Retype each line below precisely and omit all images.

*** PROVIDED MATERIAL Section Begins ***

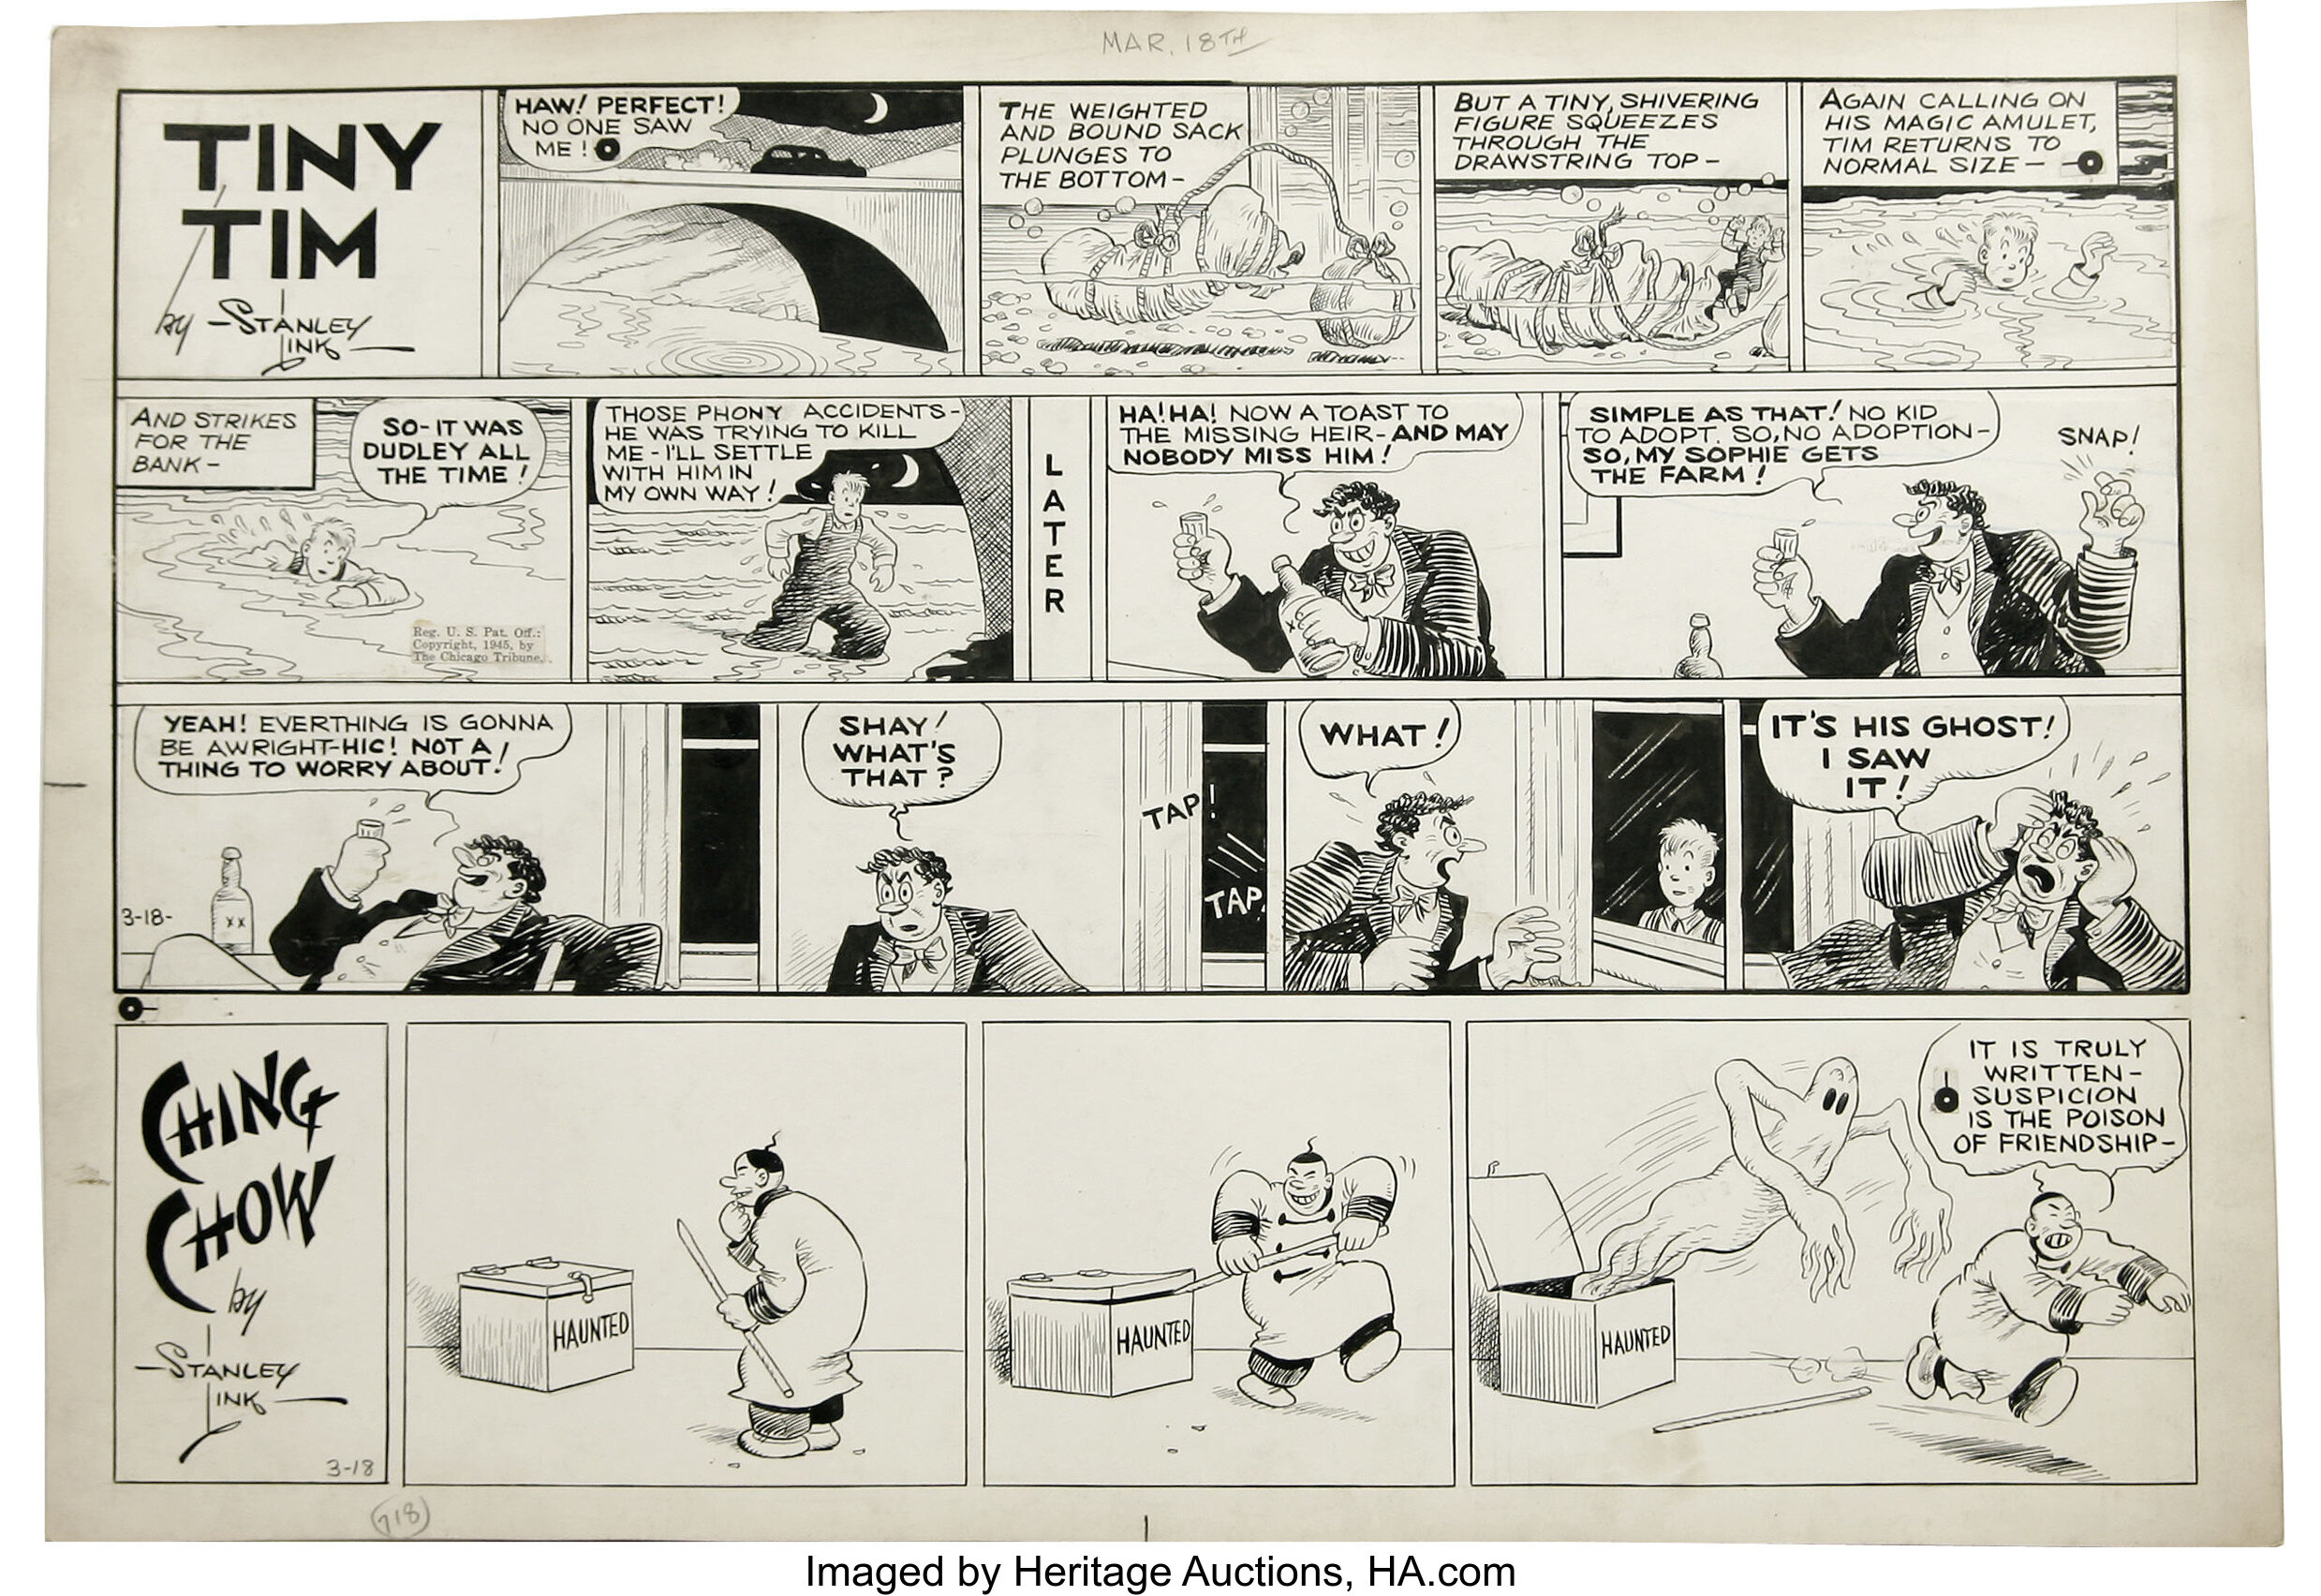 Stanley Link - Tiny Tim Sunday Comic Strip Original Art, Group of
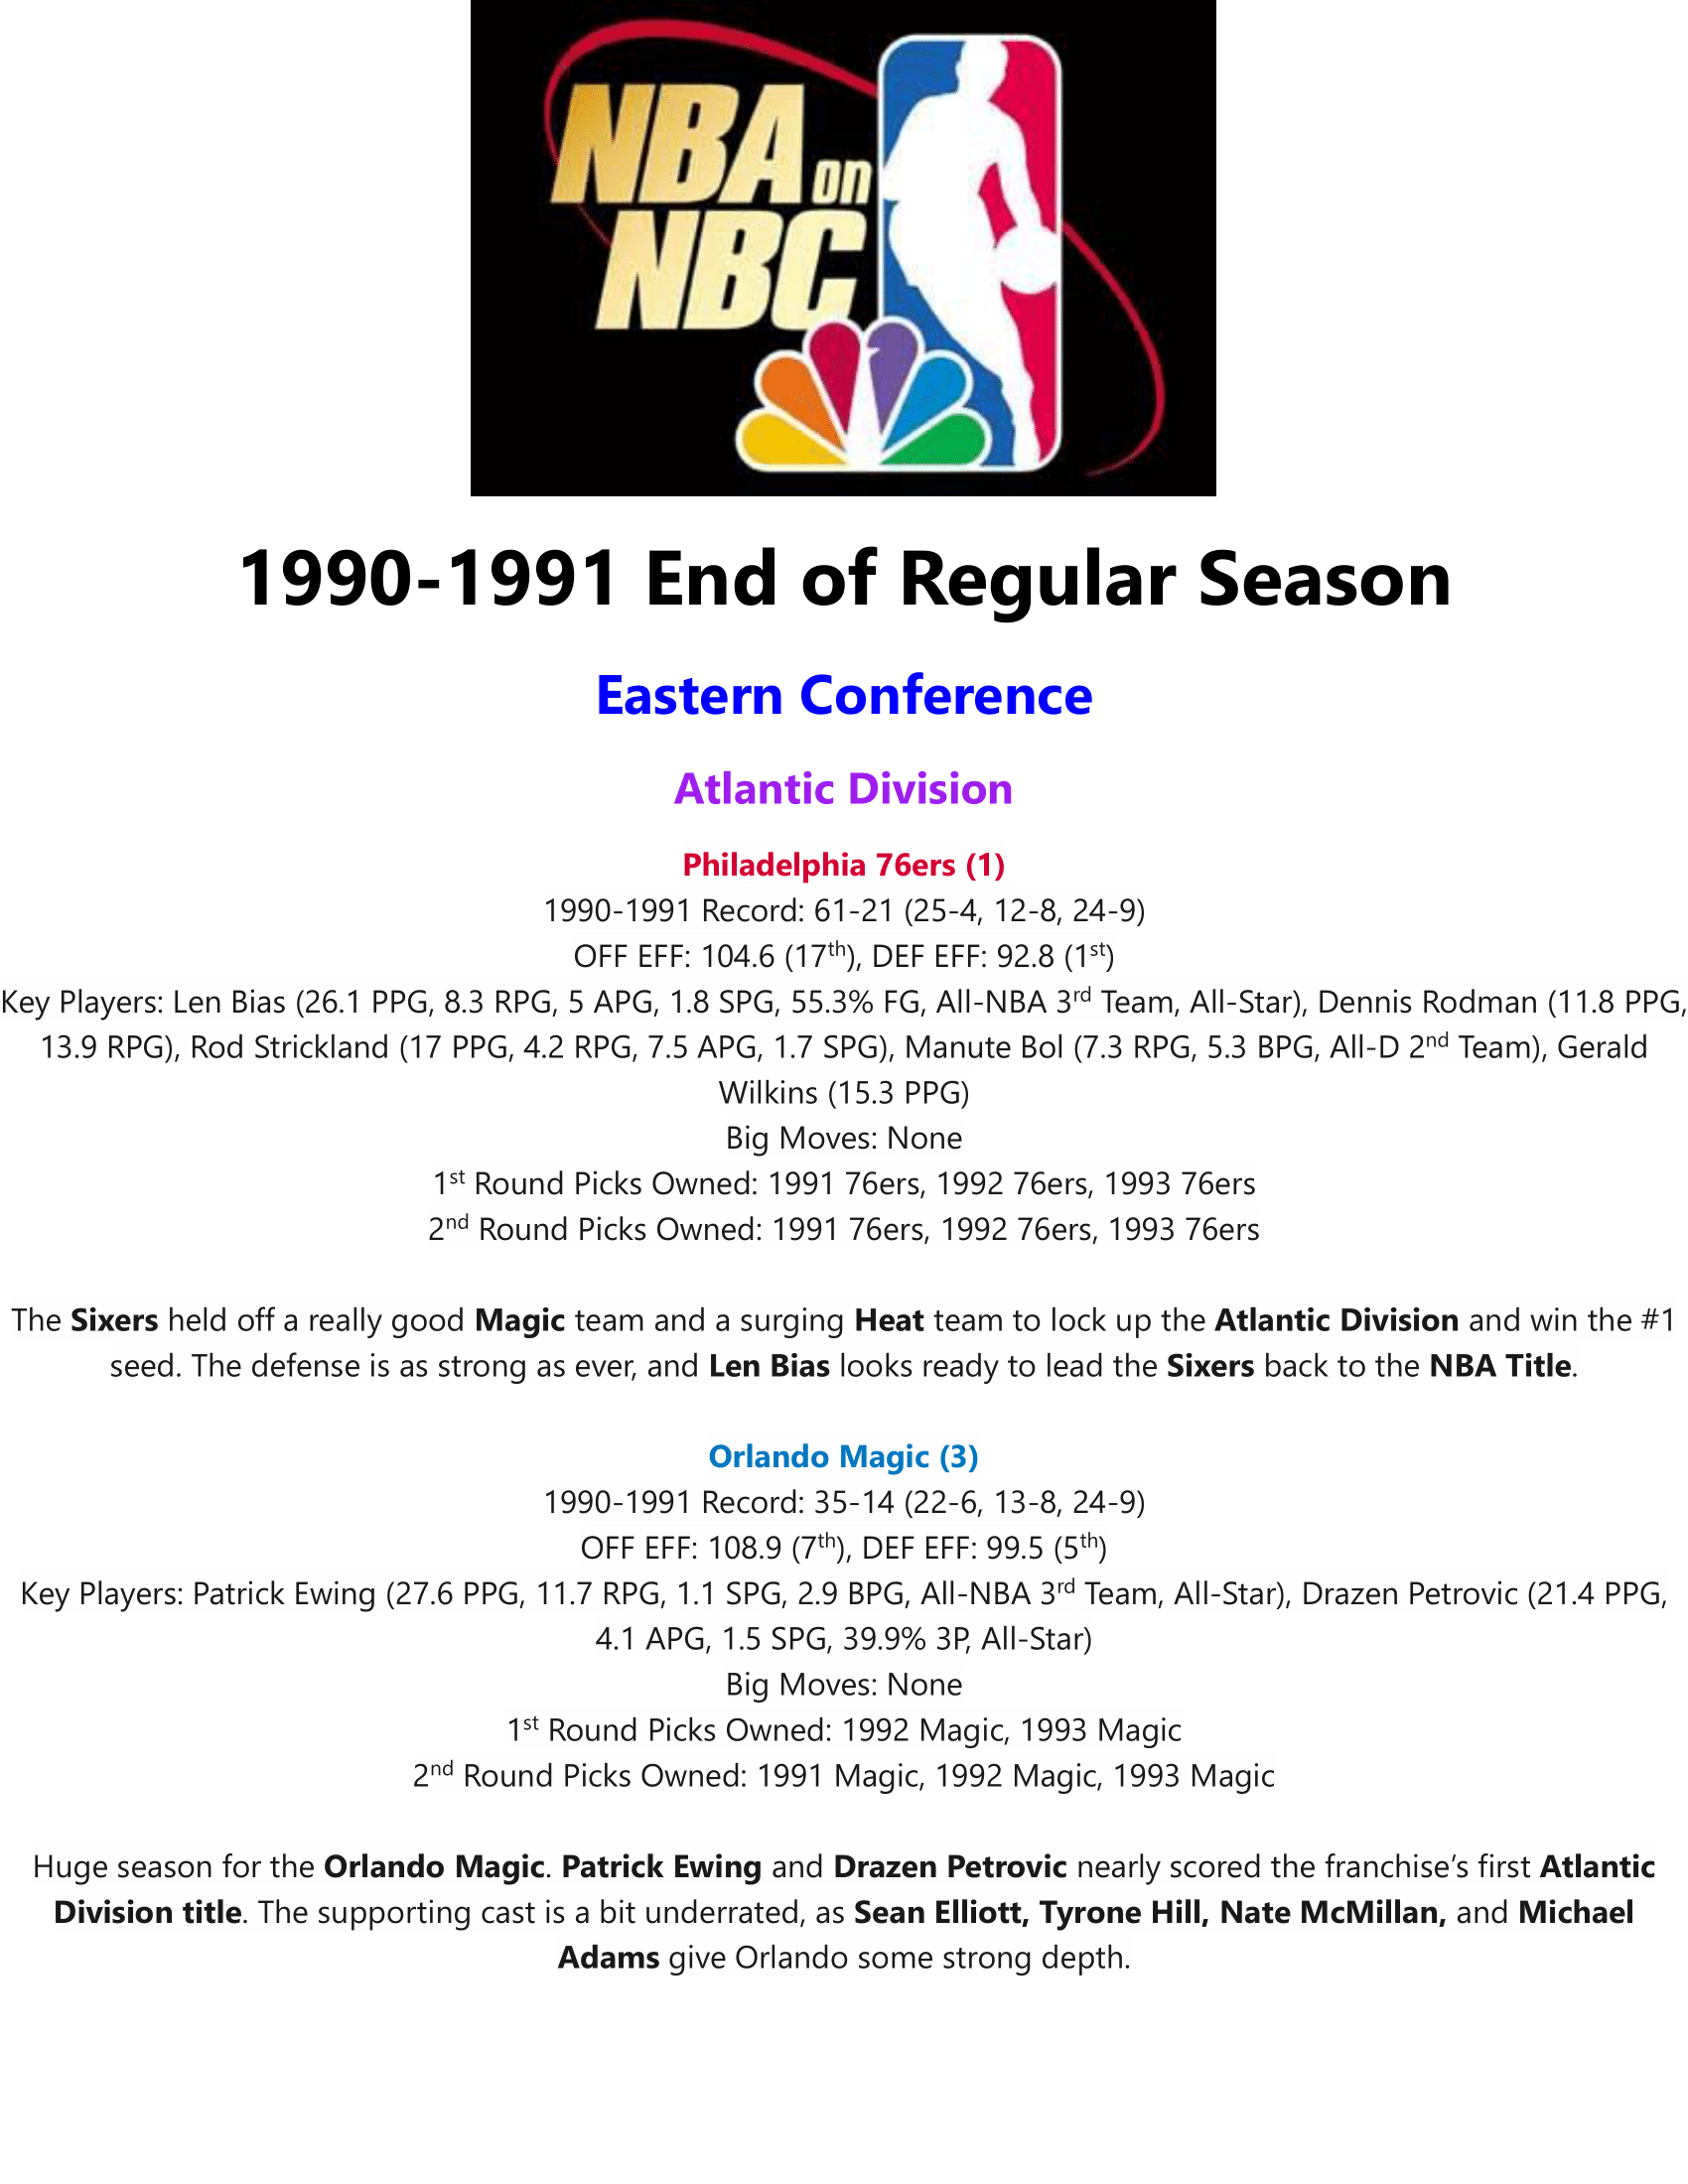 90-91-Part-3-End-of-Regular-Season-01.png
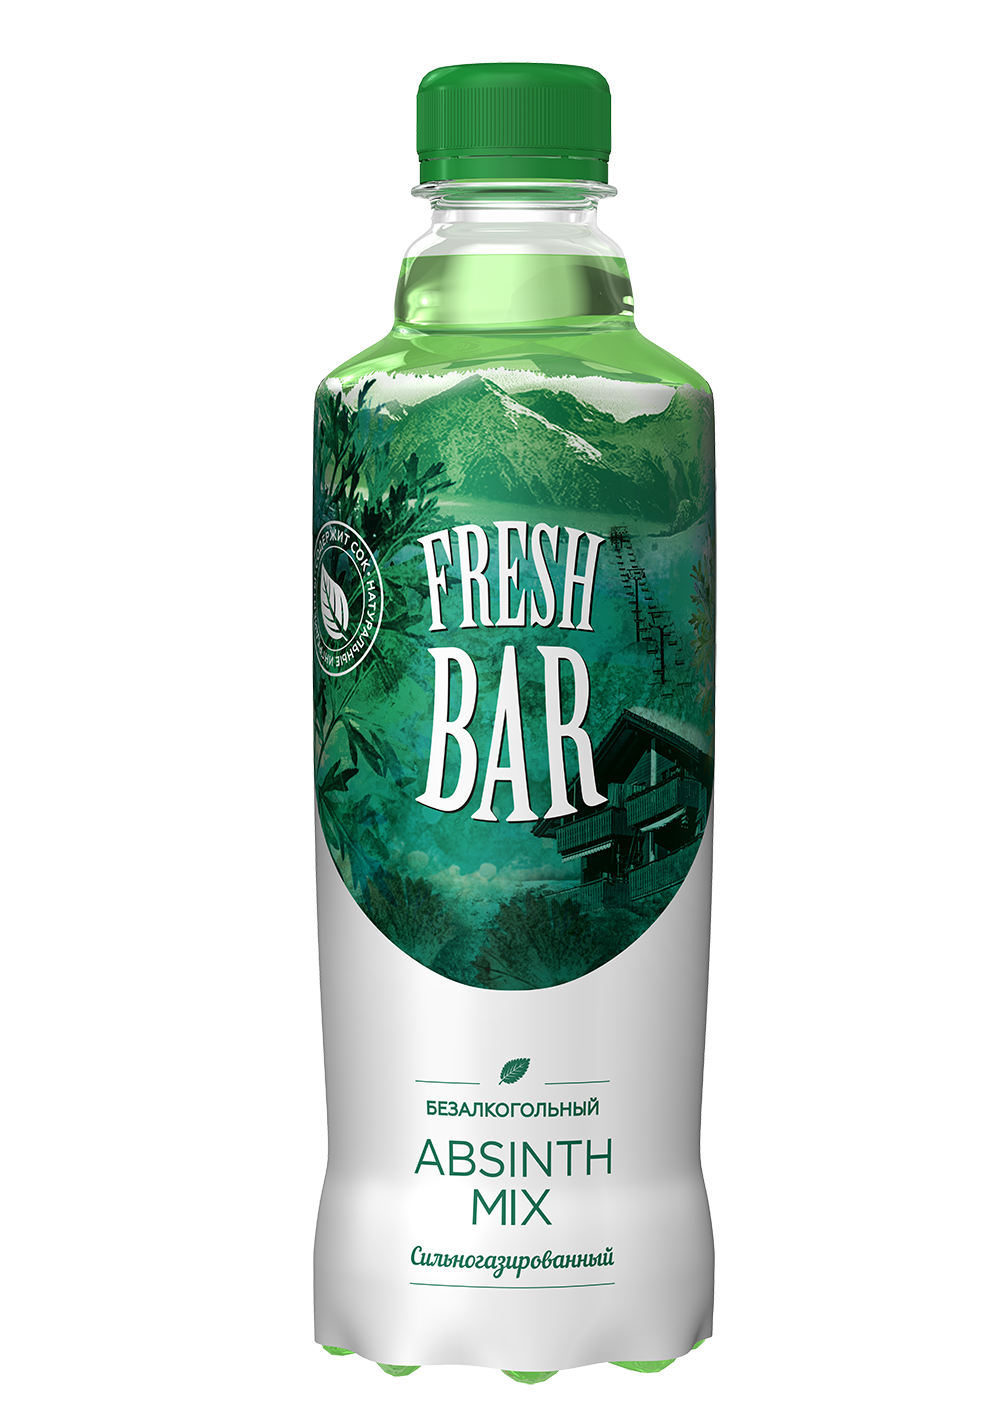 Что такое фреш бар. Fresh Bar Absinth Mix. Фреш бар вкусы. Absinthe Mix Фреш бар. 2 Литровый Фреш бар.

*** PROVIDED MATERIAL Section Ends ***

_SOLUTION TO THE PROBLEM_.
 Stanley Link - Tiny Tim Sunday Comic Strip Original Art, Group of
 90-91-Part-3-End-of-Regular-Season-01.png
 Что такое фреш бар. Fresh Bar Absinth Mix. Фреш бар вкусы. Absinthe Mix Фреш бар. 2 Литровый Фреш бар.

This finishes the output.